What is “Play Therapy?”
We know that talk therapy is an effective form of treatment for adults. However, children don't always benefit from conventional talk therapy the way adults do – especially young children. As you can imagine, children lack the vocabulary and mature brain development that adults have, which can lead them to have difficulty expressing themselves and understanding their feelings.
In order to better meet the unique needs children have for therapeutic engagement, researchers and clinicians teamed up to create “Play Therapy,” which is an empirically supported model of therapy founded on principles and tenets of developmental child therapy theory. In practice, your play therapist creates an open, trusting, and supportive relationship with your child, and your child (through art, music, and play) shares their “world” with the therapist – their thoughts, feelings, and experiences. In a counseling office, toys, games and activities are used to represent words and play therapy clinicians are trained to engage in with the child to understand what they have difficulty saying with words. Children and therapists alike can use dolls, puppets, paints, or other toys to allow children the opportunity to work through, heal, and move past the difficult times in their lives.
With the therapeutic relationship established and in a supportive environment, your play therapist validates your child’s experiences while simultaneously fostering your child’s insight and awareness, which culminates in the development of new skills, adaptive coping strategies, and more collaborative relationships with the people in your child’s life.
Who can provide play therapy for my child?
As with all therapies, only a trained professional should be providing this service. Therapists with the "Registered Play Therapist" or "RPT" credential has gone through additional and extensive training to become certified by the Association for Play Therapy.
How do I pick a therapist?
Therapists have many different levels of education and expertise. If you're seeking a mental health professional for yourself or your child, you may want to ask the following questions to be able to determine if this is a good fit for your family:
- What training have you received to be a mental health professional?
- Have you ever received formal education regarding working with children?
- Have you ever received formal education on play therapy? Are you a Registered Play Therapist?

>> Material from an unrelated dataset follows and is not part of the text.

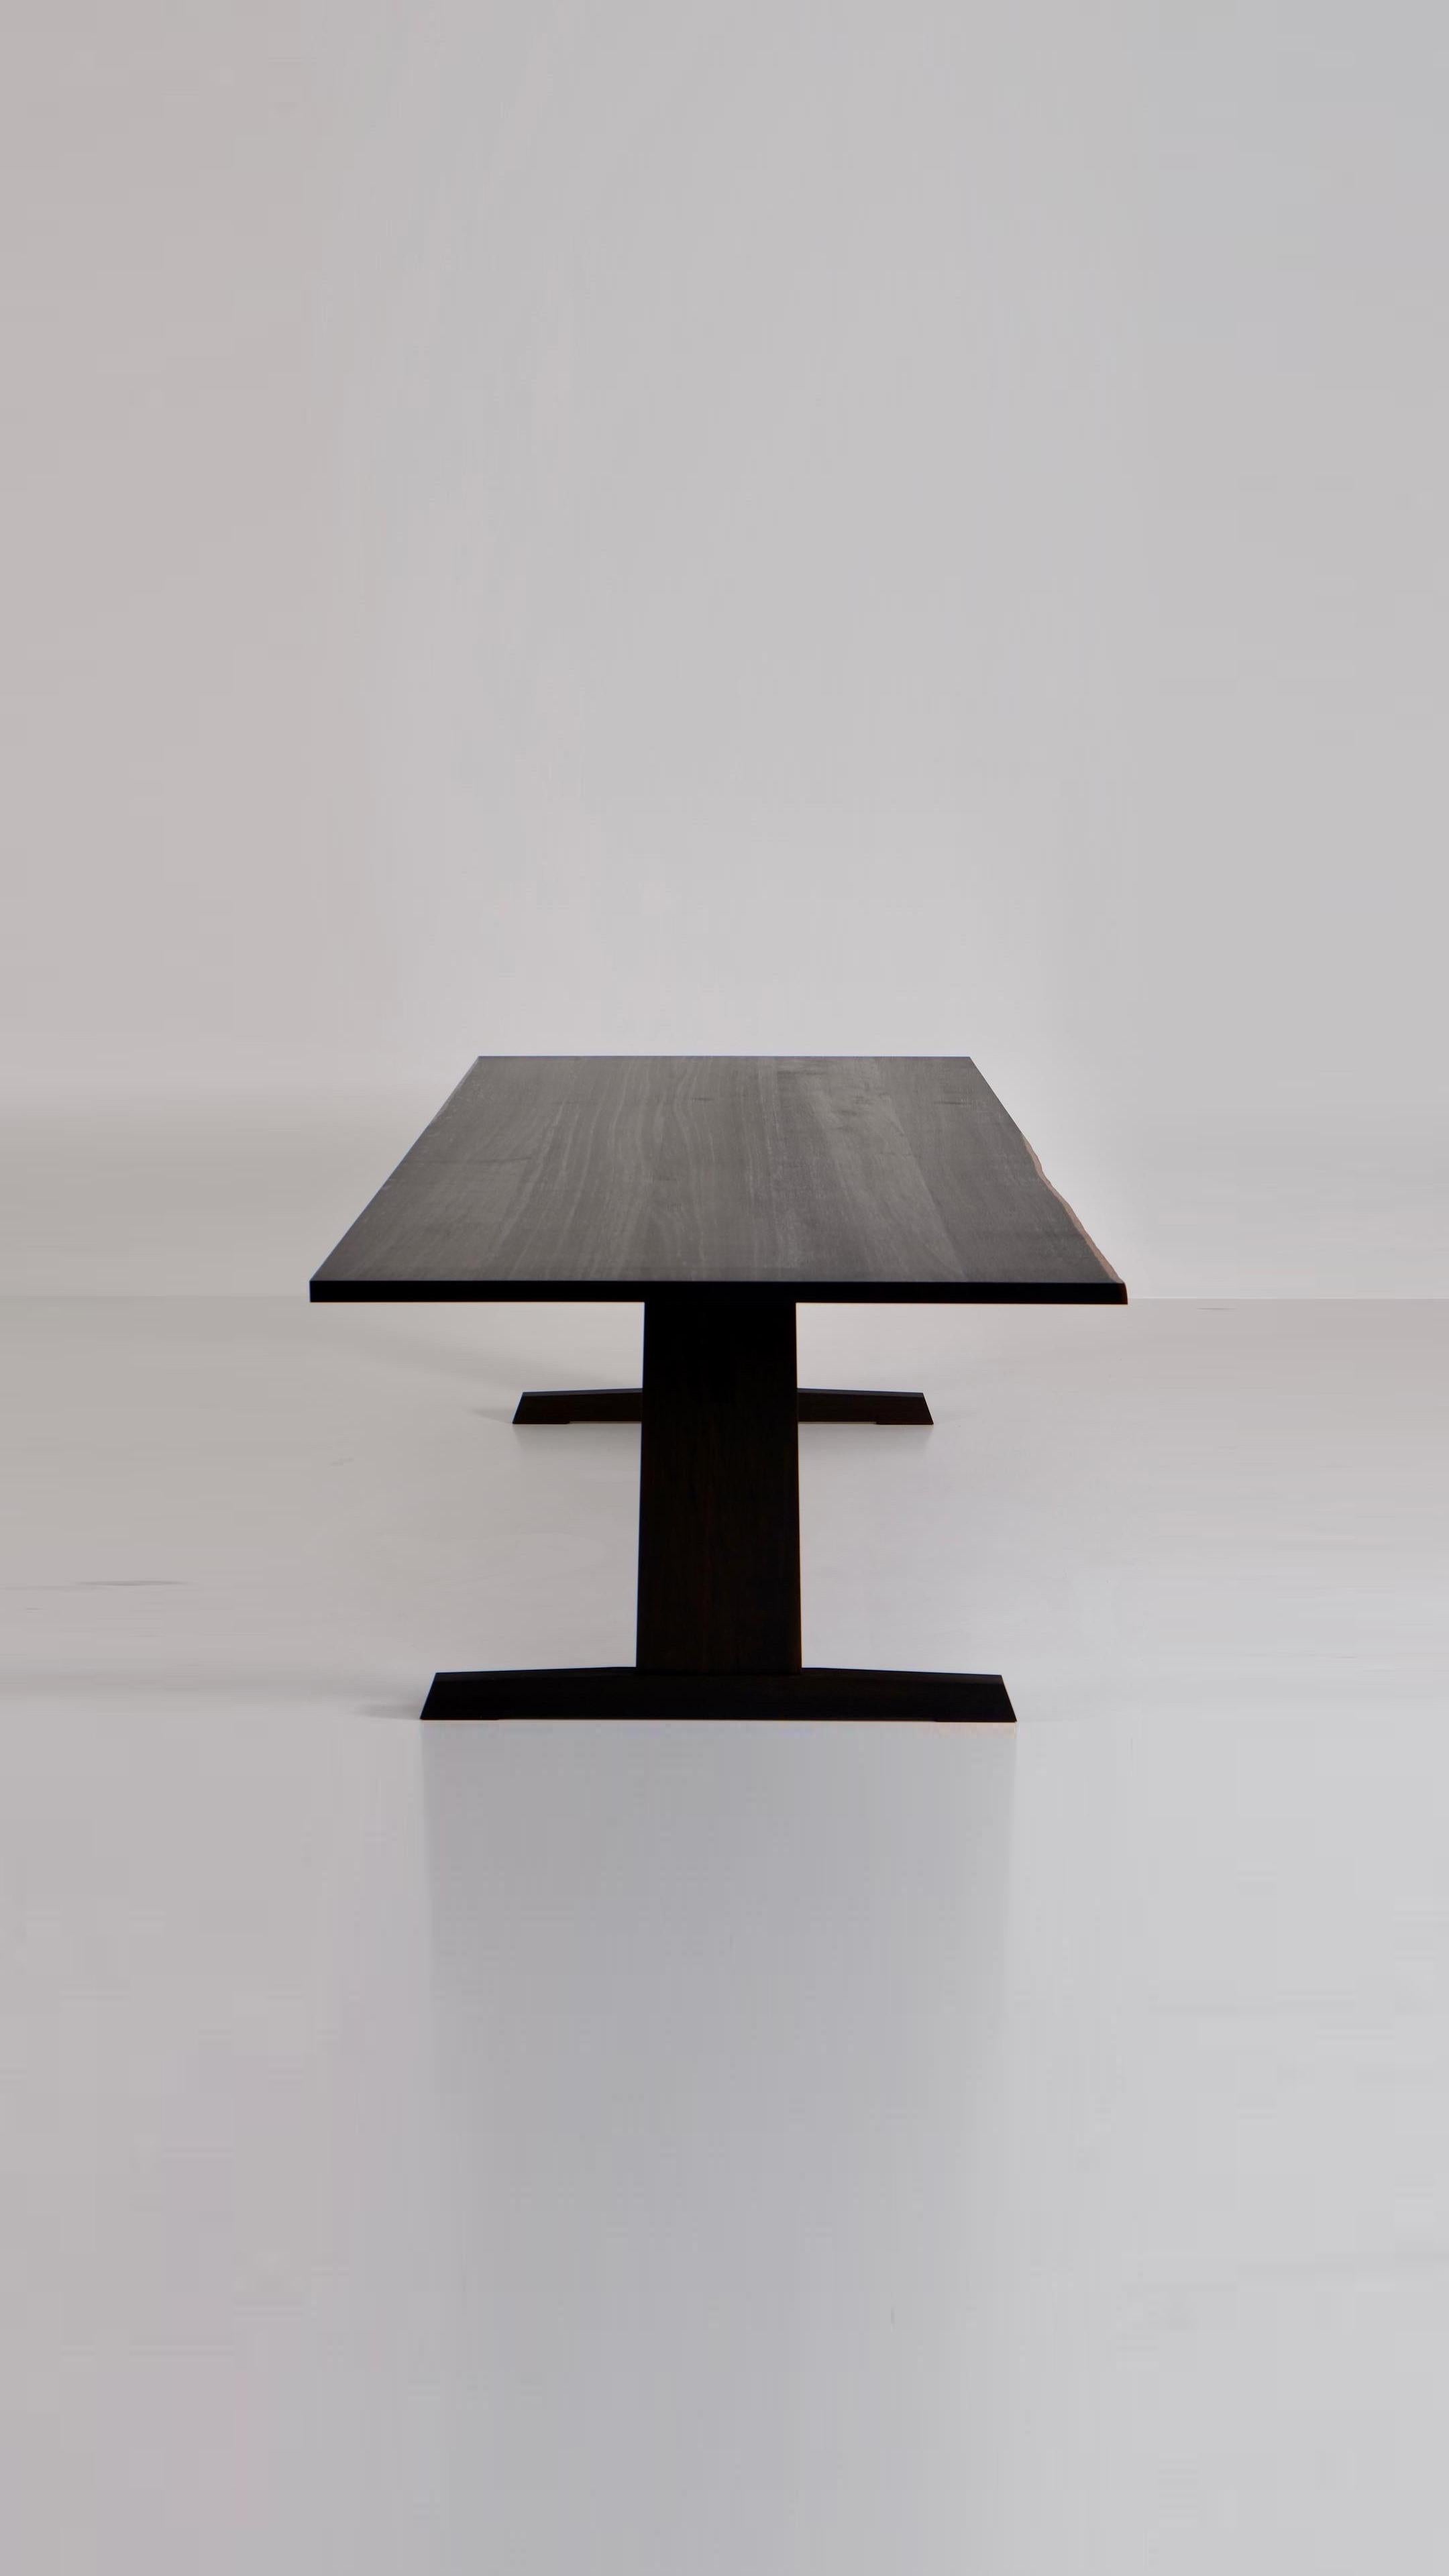 
ChatGPT
ChatGPT
Der Smoked Oak Dining Table ist eine moderne Interpretation des klassischen Esstisches aus Massivholz. Ganz ohne Schrauben konstruiert, zelebriert sein Design die dem Material innewohnende Schönheit - mit sichtbaren Ästen und unter

When does a child need therapy?
One of the hardest things about being a parent is knowing when to find help for your child. Children often do not know themselves that they need help or how to ask for it. Instead, as children have trouble adapting to changes in their life, in their relationships, or in themselves, they might start “acting out” in a way that can be seen in their behaviors and emotions. At school, this might look like a lack of motivation, falling grades, or difficulty in their relationships with their friends or teachers. At home, your child might appear withdrawn or more argumentative. Generally, if you or your child's teacher or pediatrician is concerned about your child, play therapy might be appropriate for your family.
How to I talk to my child about play therapy?

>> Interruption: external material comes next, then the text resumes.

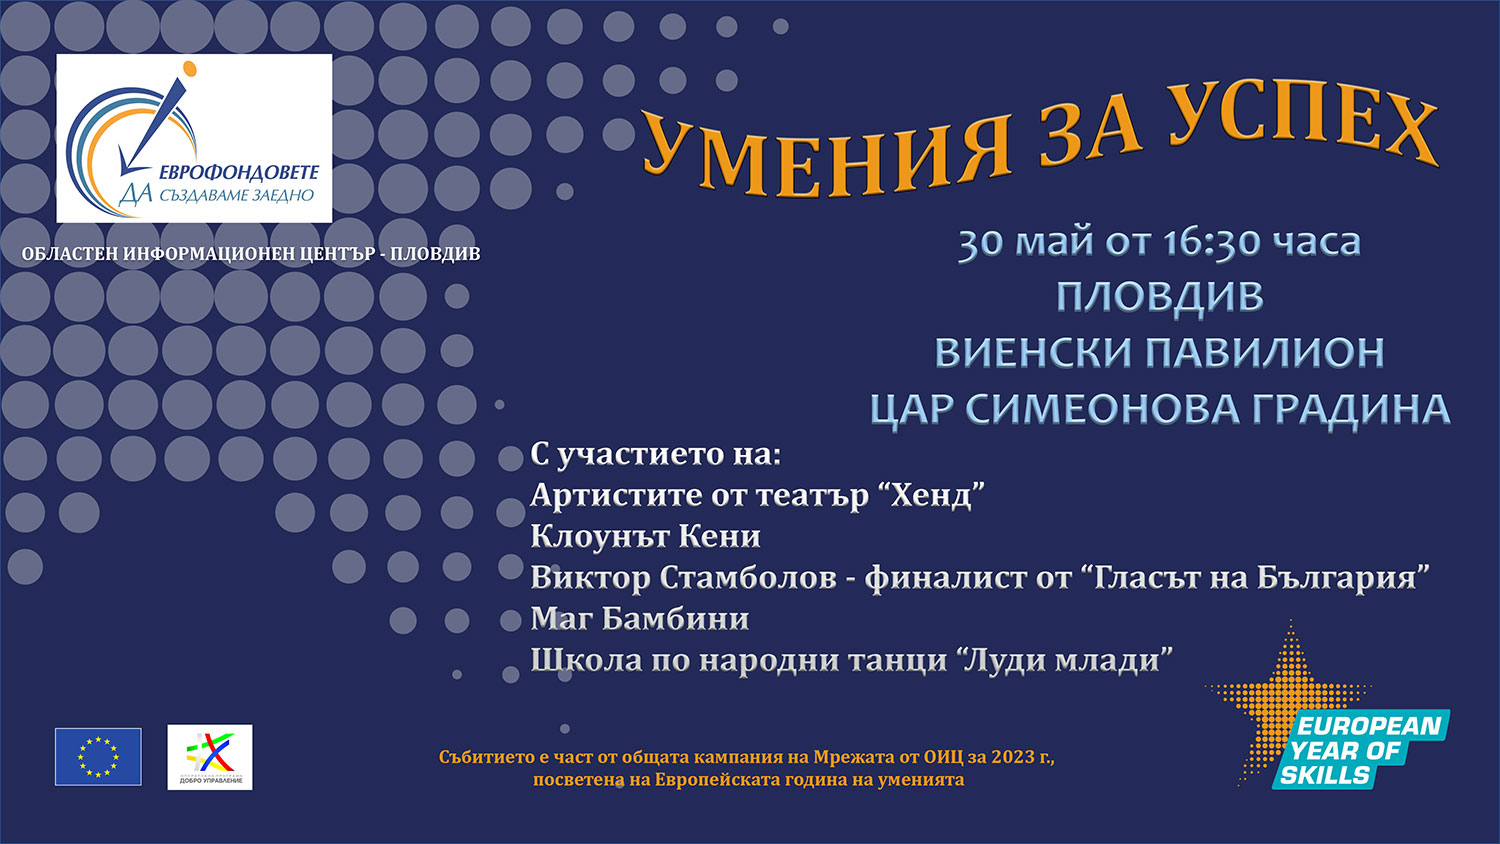 Със забавна програма Областен информационен център – Пловдив отбелязва Европейската година на уменията 2023 г.

It's a wonderful idea to prepare your child for play therapy. You can let them know that they will be coming each week to play in the playroom with an adult who wants to help them learn how to take care of their feelings. You can reassure them that it can help children to have someone special to talk and play with.
What information should I tell the therapist to help make treatment effective?

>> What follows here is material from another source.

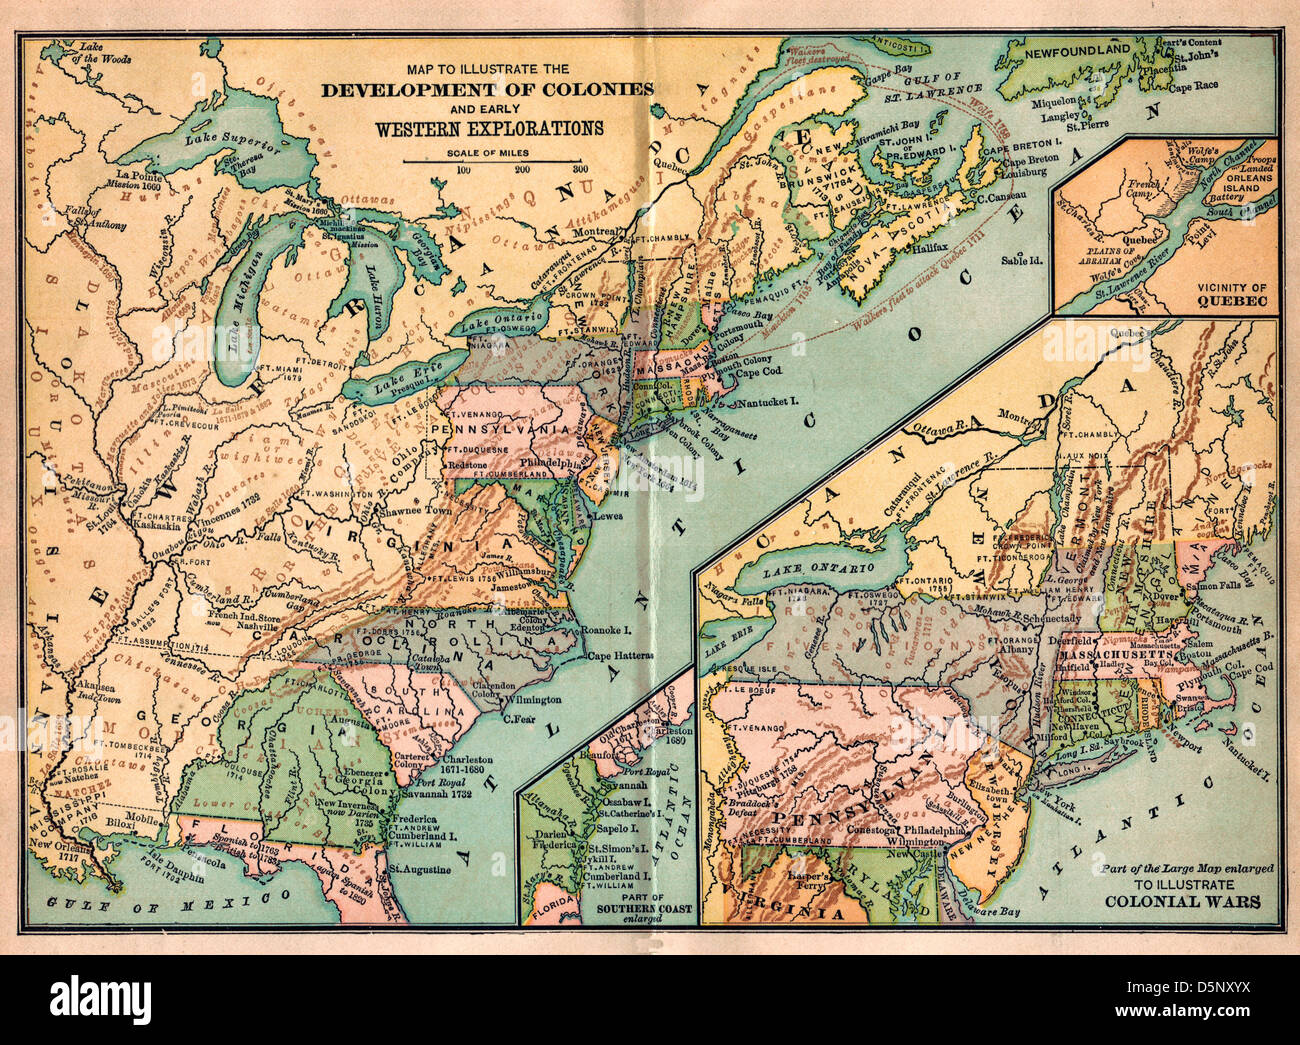 Vintage Karte der Vereinigten Staaten Amerika - Entwicklung der Kolonien und Western Exploration und Kolonialkriege Stockfoto

Therapists understand that you, the parent, are the expert in regard to your child. Your therapist is a partner in helping your child's emotional health. In this collaborative relationship, it is very important for you to report events to the therapist directly. Even if you're not sure that an event in question is pertinent to counseling, it's always a good idea to call the therapist and talk out the event.
Can I ask my child about his or her therapy session?
It can be tempting to ask your child "what they learned" immediately after session. However, it is important to maintain your child’s privacy around their sessions, and your therapist will work with you to find out what kind of information should and should not be shared after sessions. Of course, your child’s safety is your therapist’s number one concern, and so parents will always be informed by the therapist if anything came up in session relating to the child’s safety or any other vital information.